# Until we meet again....



## Jiskefet (May 15, 2011)

I know what you're thinking. You think I'm dead. Because you cannot see me with your human eye, cannot feel me, with your hands or hold me in your arms. You think I am gone forever. You recall how I looked when I left this place and you cannot remotely imagine that I could possibly be alive in another place. You are racked and torn by the pain of our separation and it blinds 
you to that which is right in front of you ... me.
How many times since I left your immediate sight have you been told that I'm dead and you should "get over it"... How many times have you cried yourself to sleep because you feel like an outcast, believing you're supposed to get over me because that's what people say is normal... but somehow you can't and no one seems to understand?
How many times have you put yourself through such excruciating pain because you aren't willing to consider that I am not, by any means, dead.

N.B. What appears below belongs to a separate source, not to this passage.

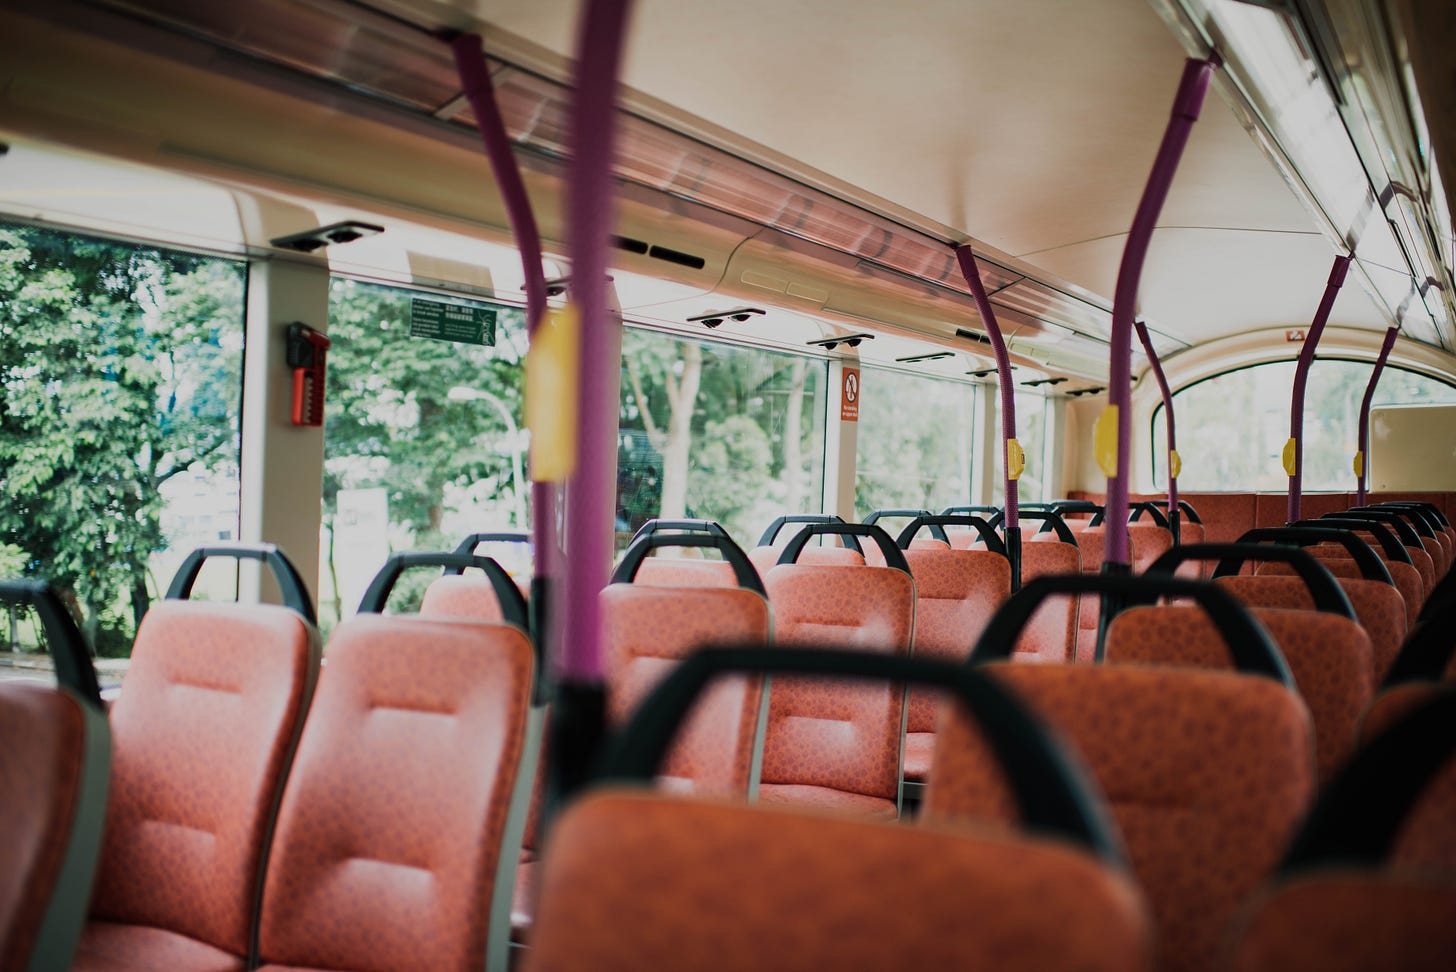 Empty bus seats with trees visible through the windows

I want you to do me a favour and go back in time with me. Remember the glorious day I came into your home- was I not the most intriguing creature you'd ever met? Did I not make you laugh and giggle? Did I not look at you with such adoration that you wanted nothing more than to spend the rest of your life with me? I wanted this too. 

Remember the days when I was in my prime and we did many things together. You were so proud of me! I was a good friend and I took care of you when you cried, were angry or felt down and unhappy.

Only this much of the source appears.